§ **WHAT YOU SHOULD DO**
Please return the listing exactly as written, but without its pictures.

§ **MATERIAL PROVIDED**
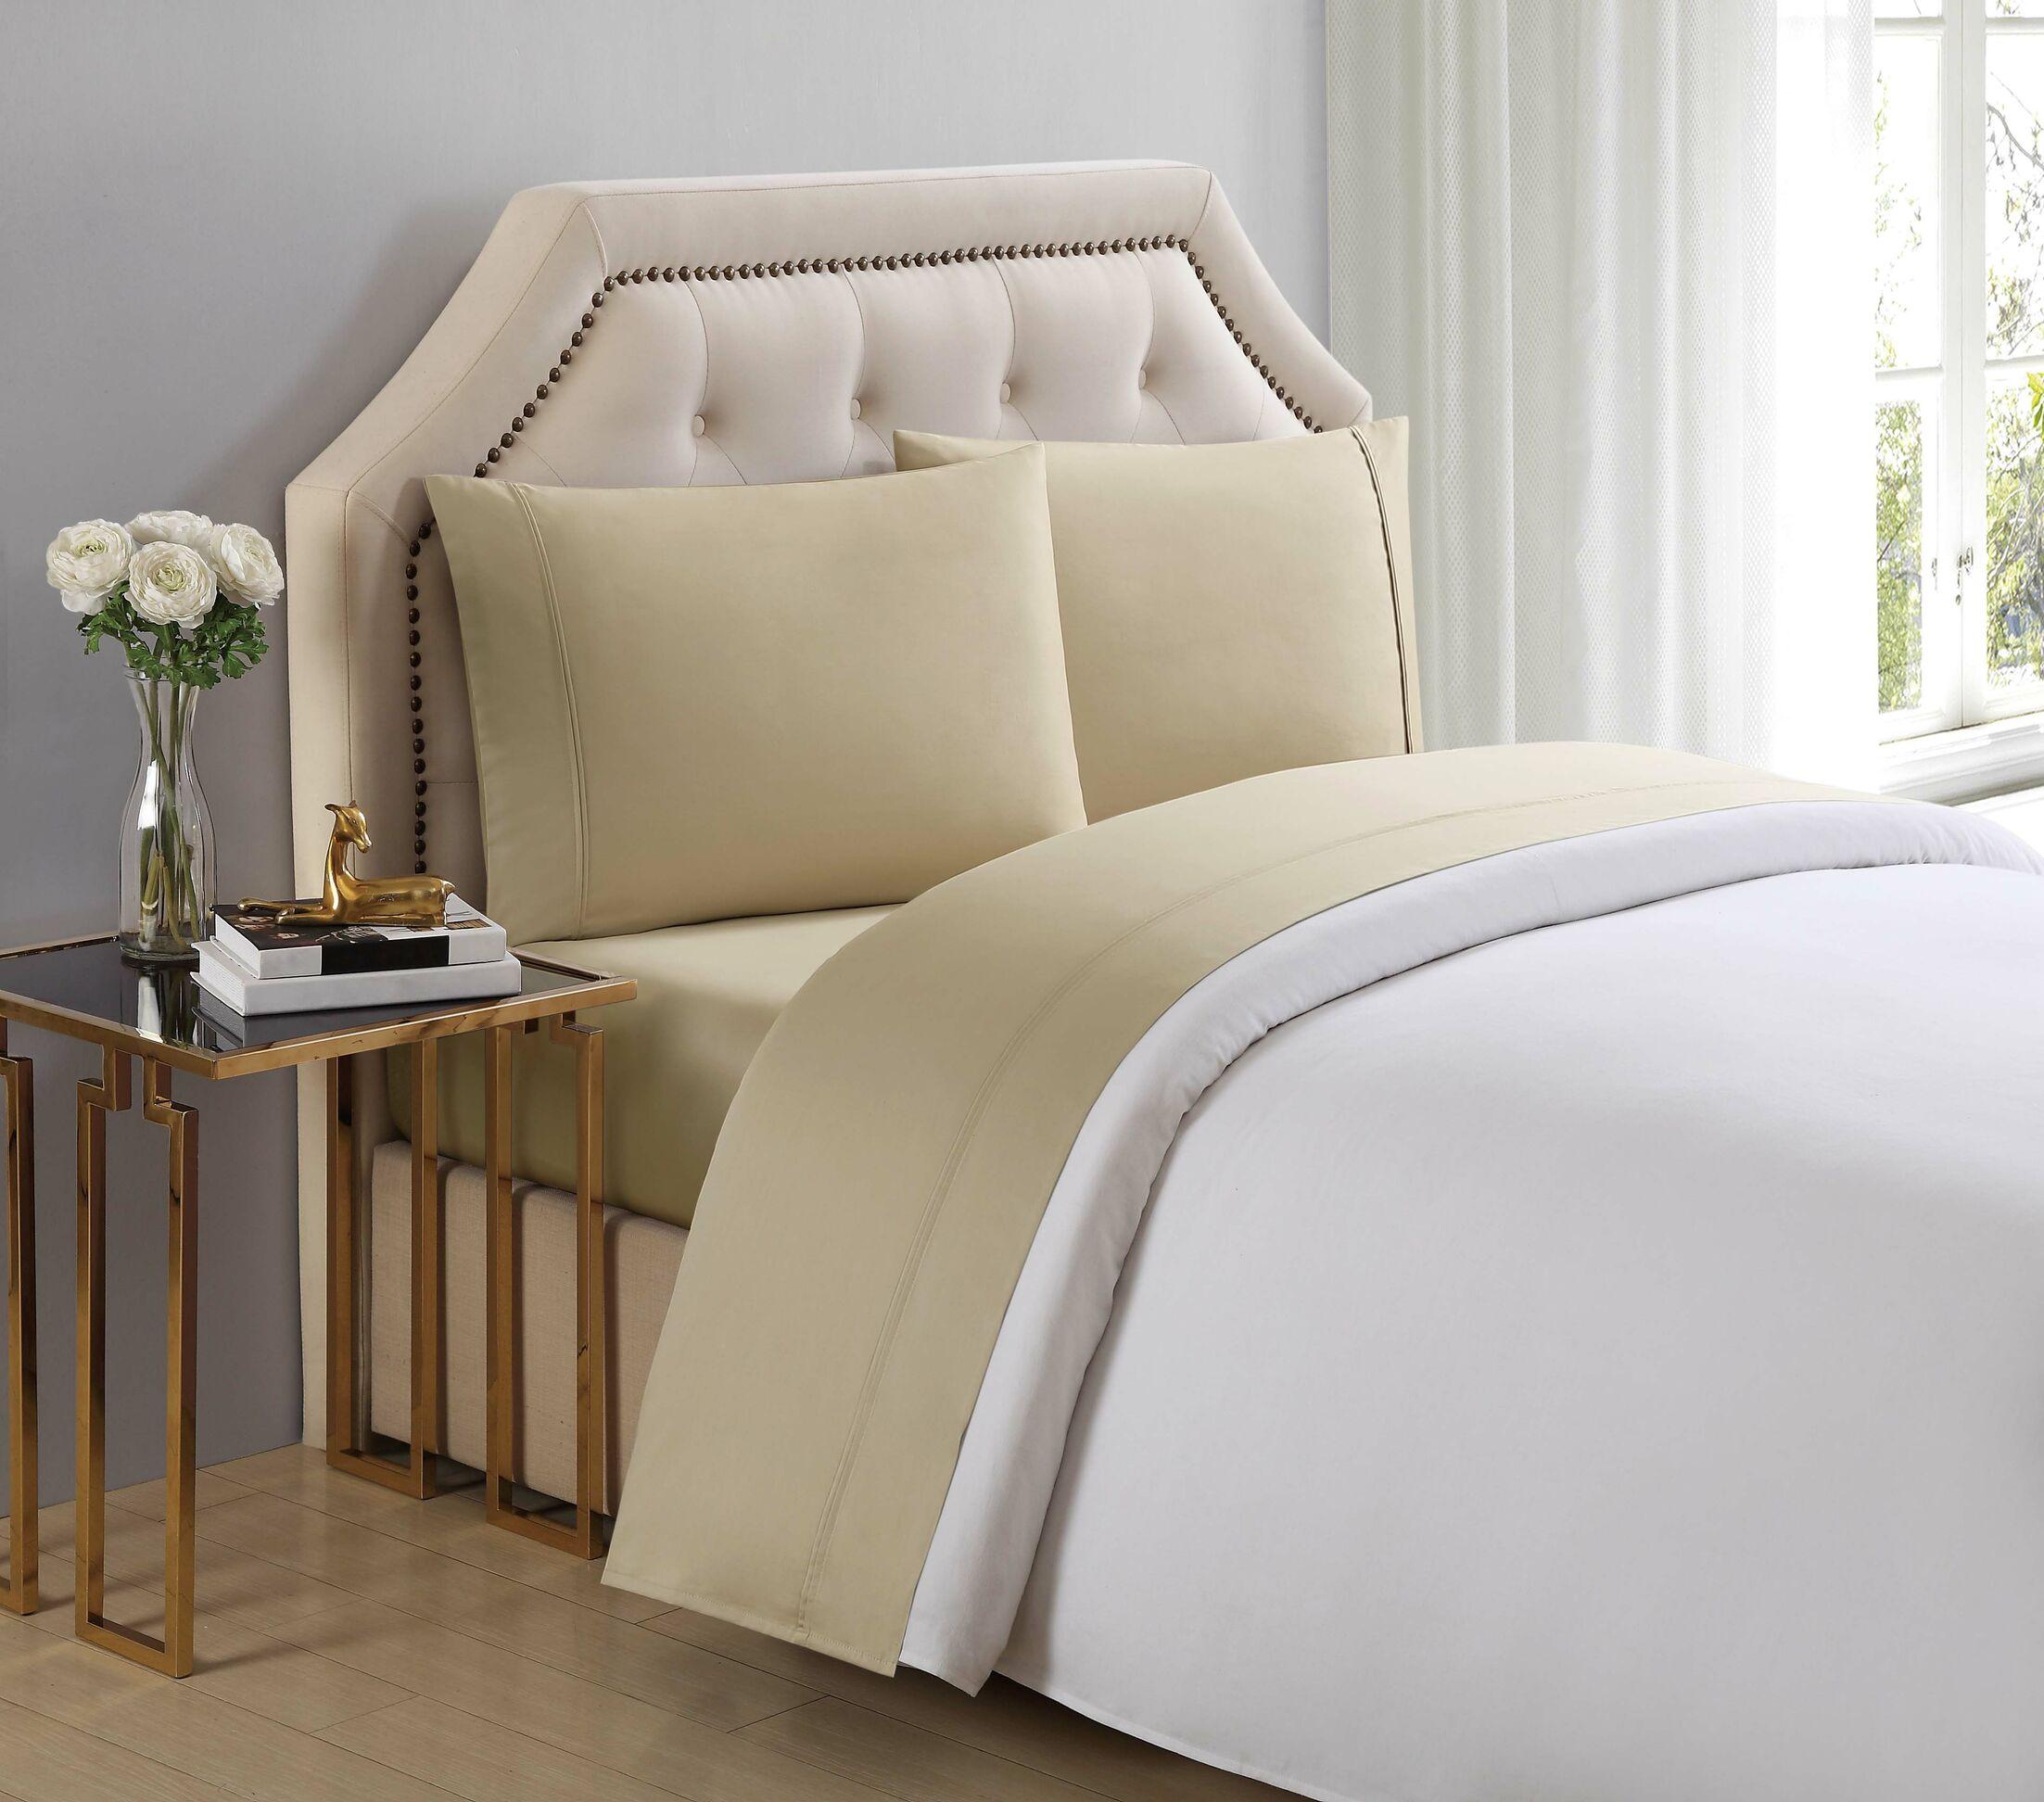 4 Piece 510 Thread Count Cotton Sheet Set Color: Pale Khaki, Size: King
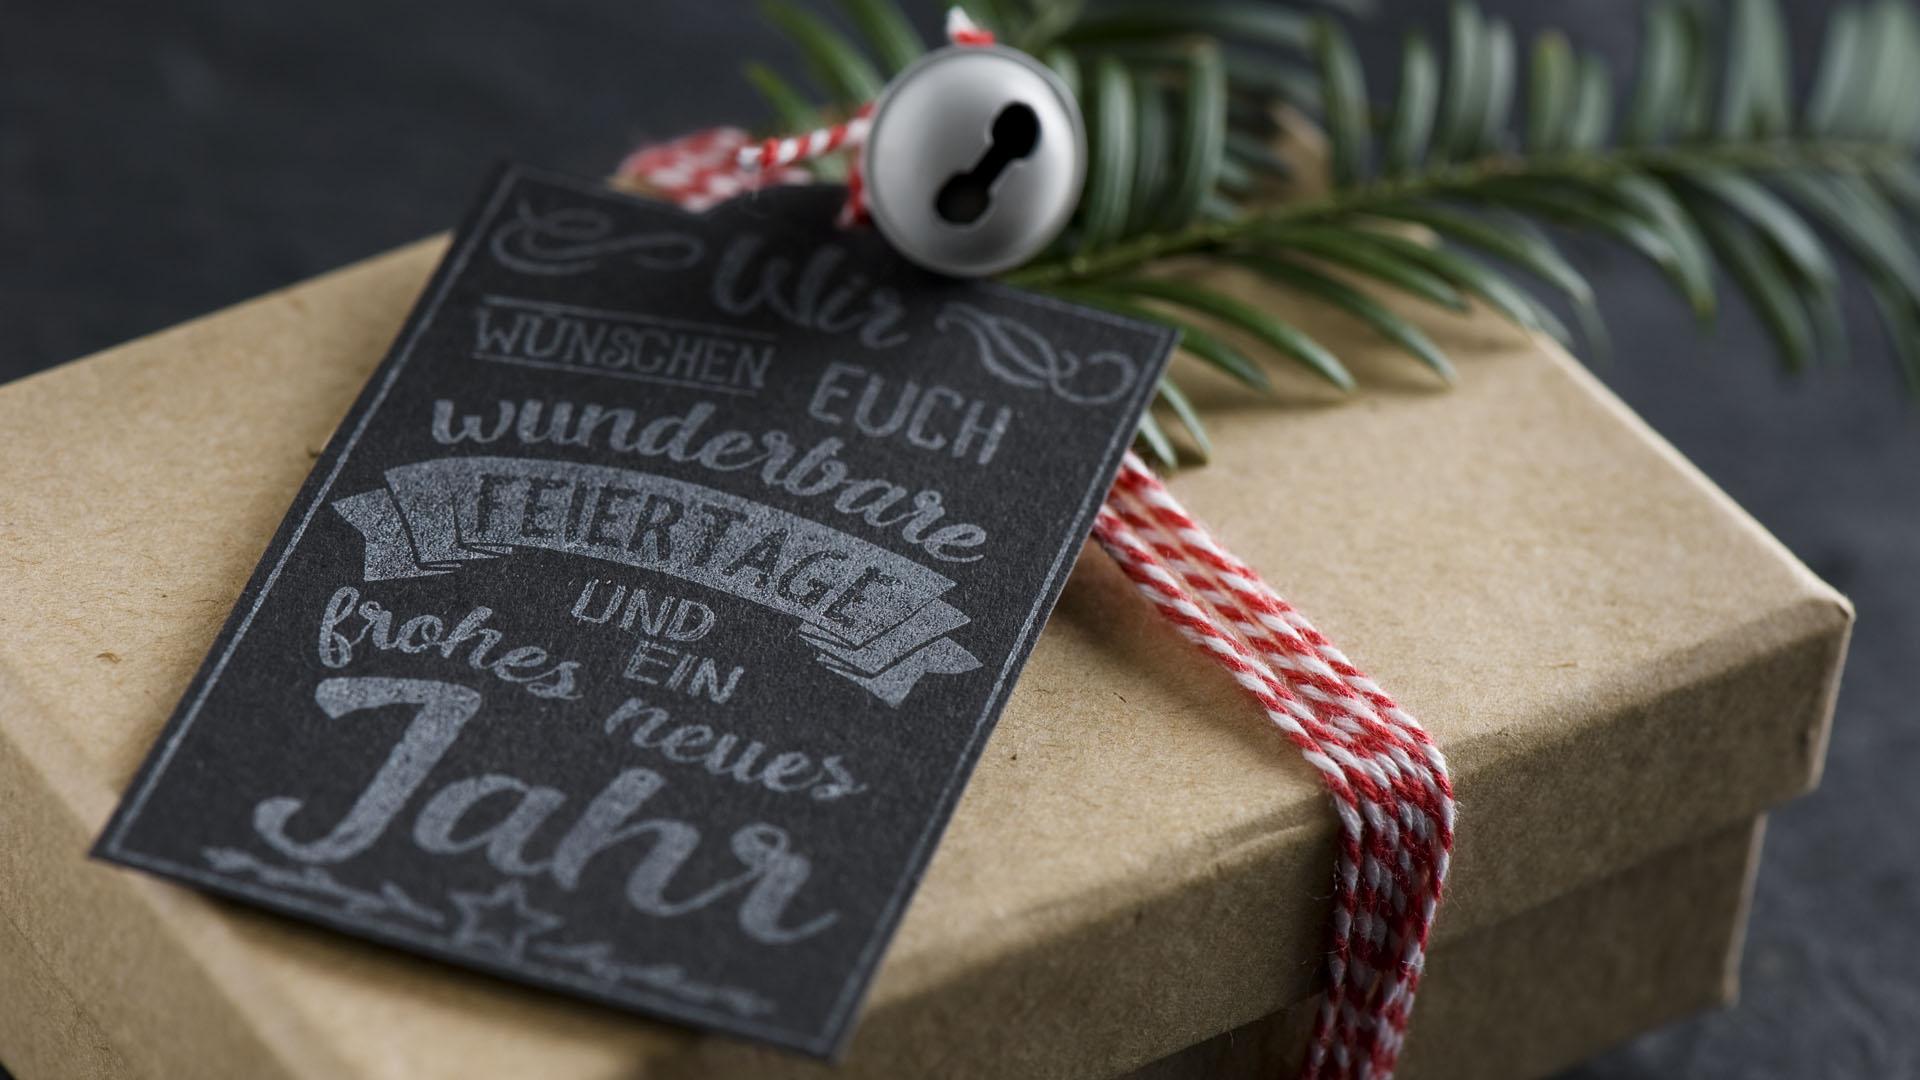 Ideen für die Weihnachtspost: Die besten Wünsche
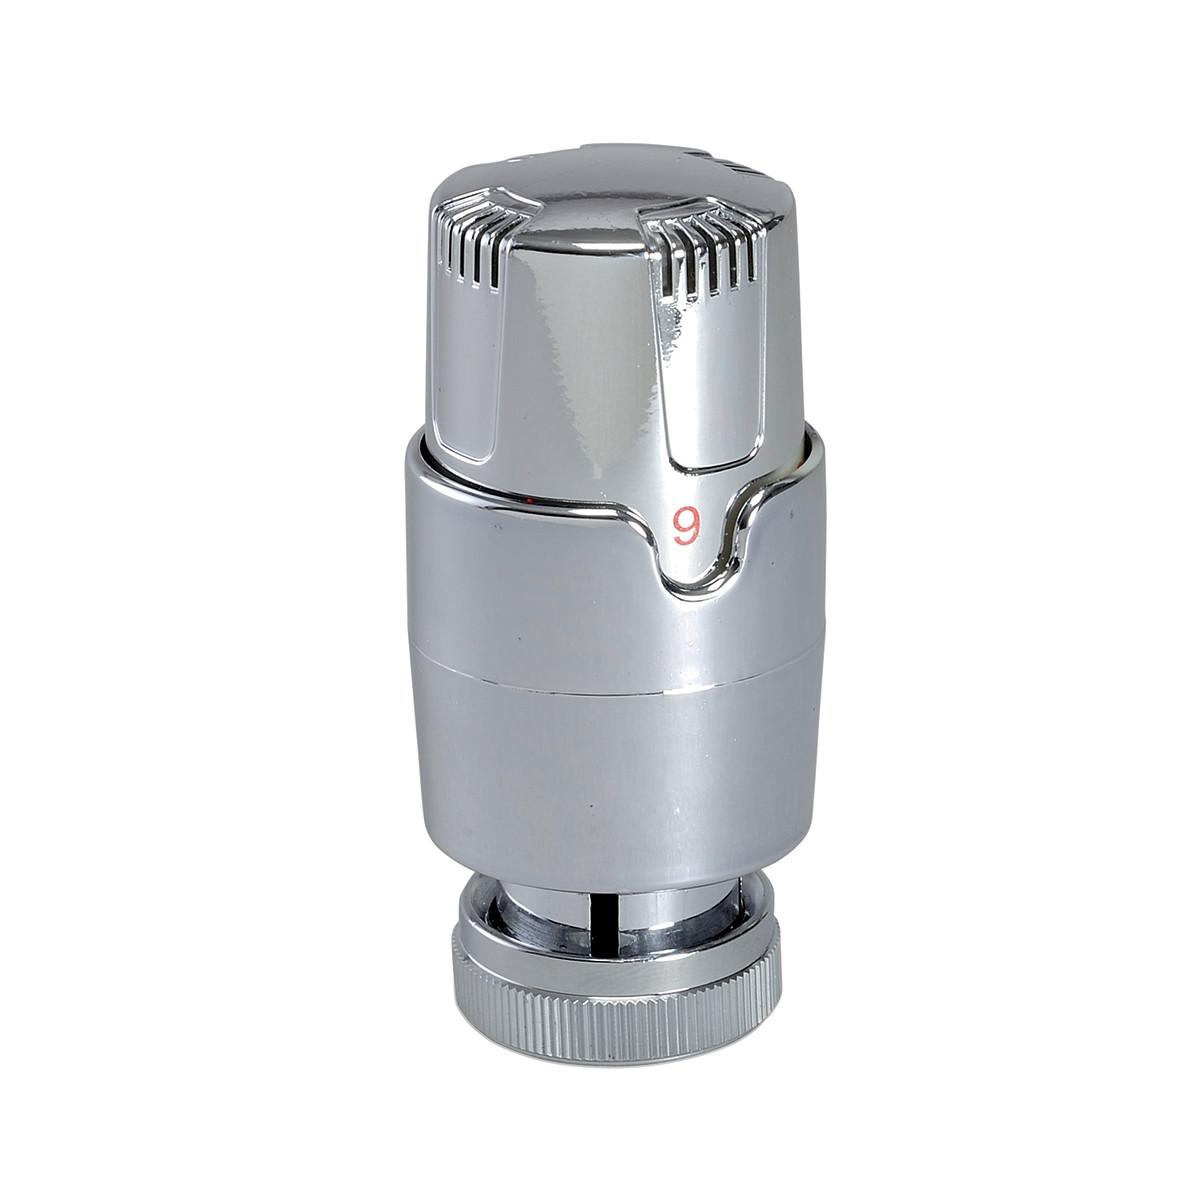 Tado testa termostatica intelligente addizionale v3 for Valvola termostatica tado
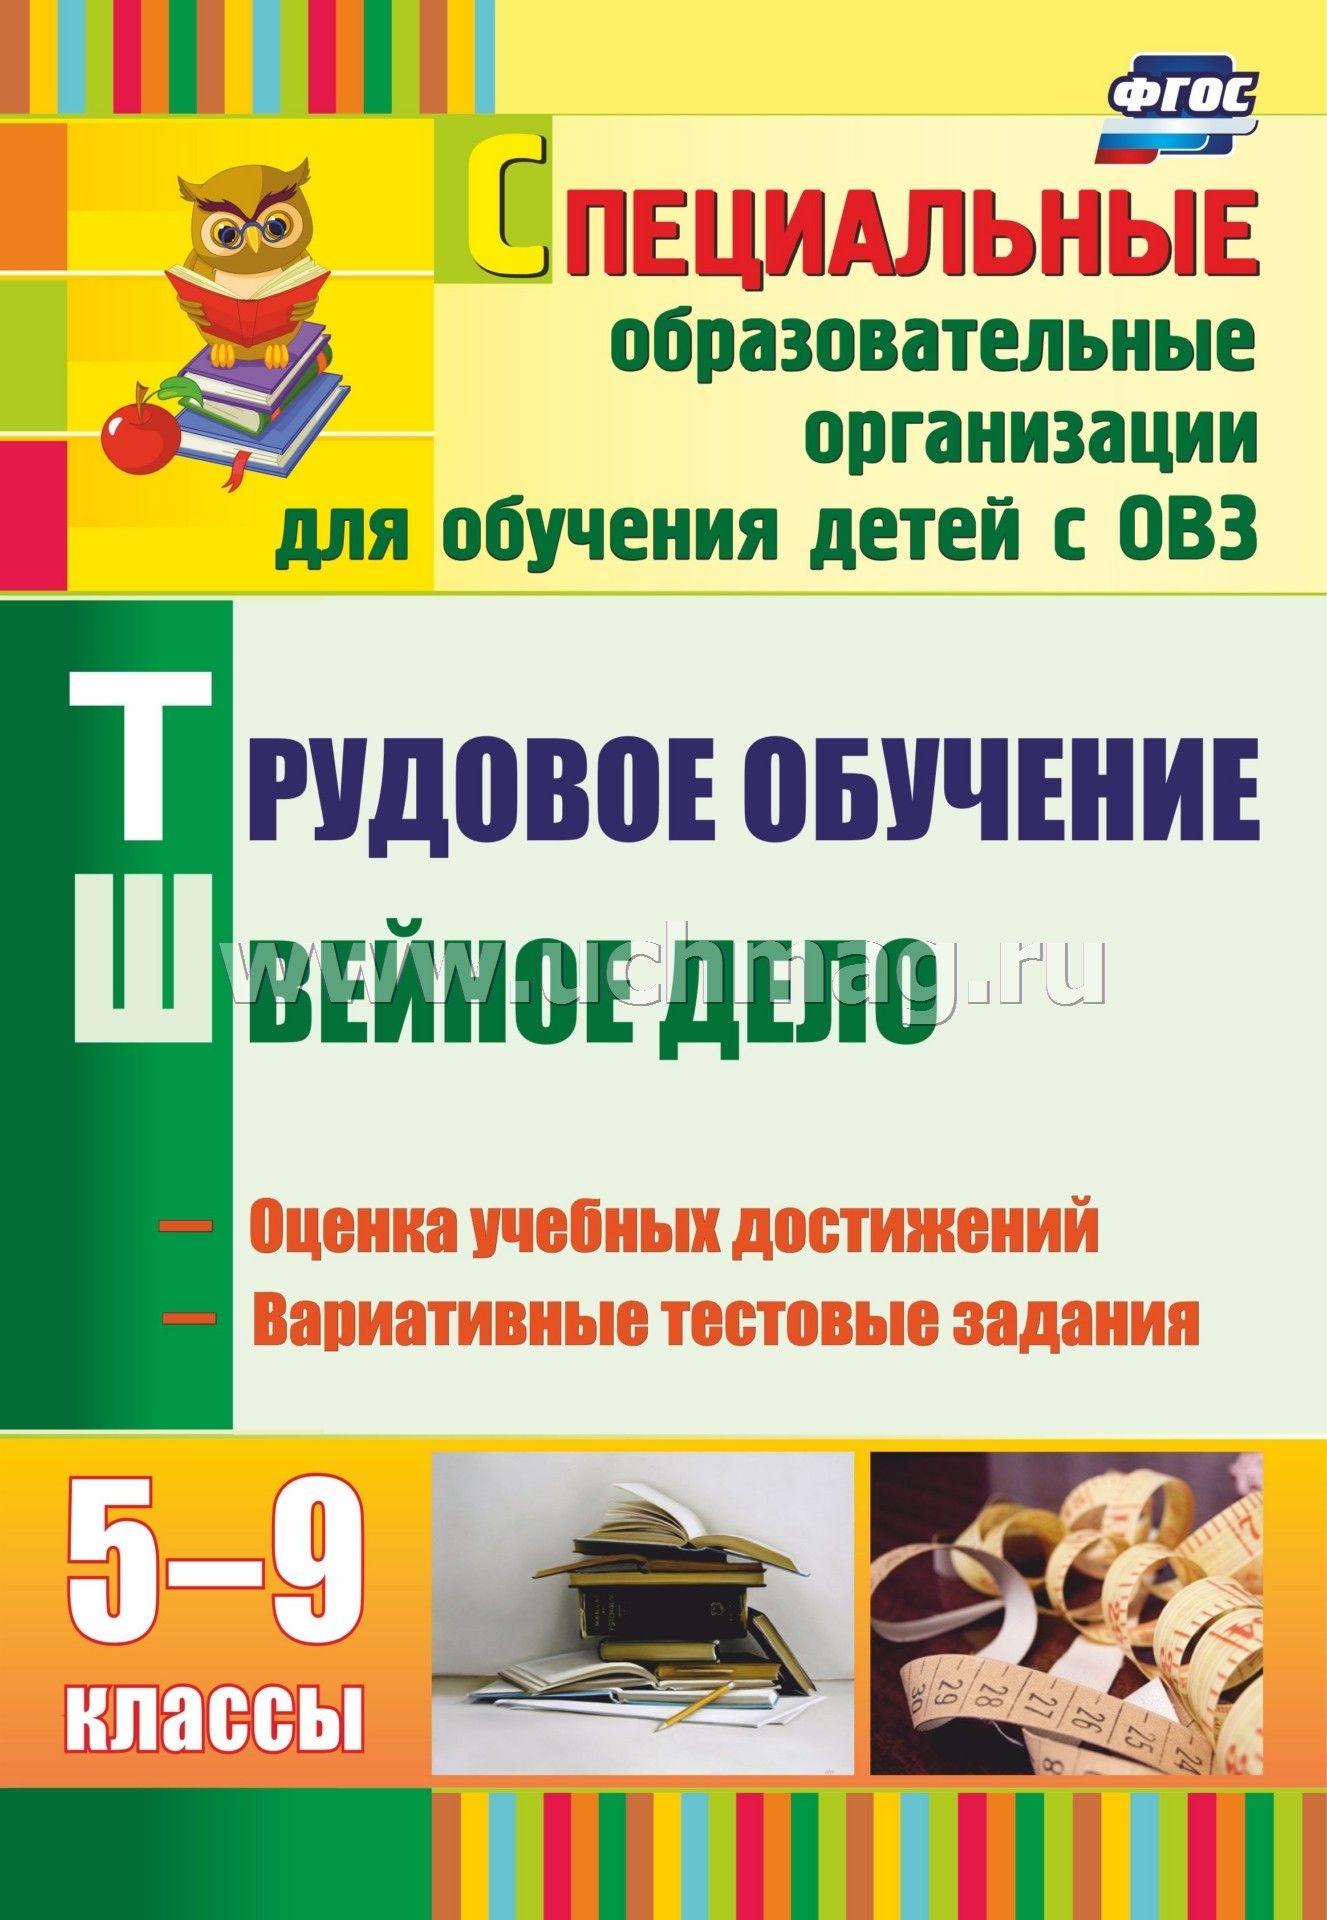 Образовательную программу швейное дело

§ **SOLUTION TO THIS EXERCISE**
 4 Piece 510 Thread Count Cotton Sheet Set Color: Pale Khaki, Size: King
 Ideen für die Weihnachtspost: Die besten Wünsche
 Tado testa termostatica intelligente addizionale v3 for Valvola termostatica tado
 Образовательную программу швейное дело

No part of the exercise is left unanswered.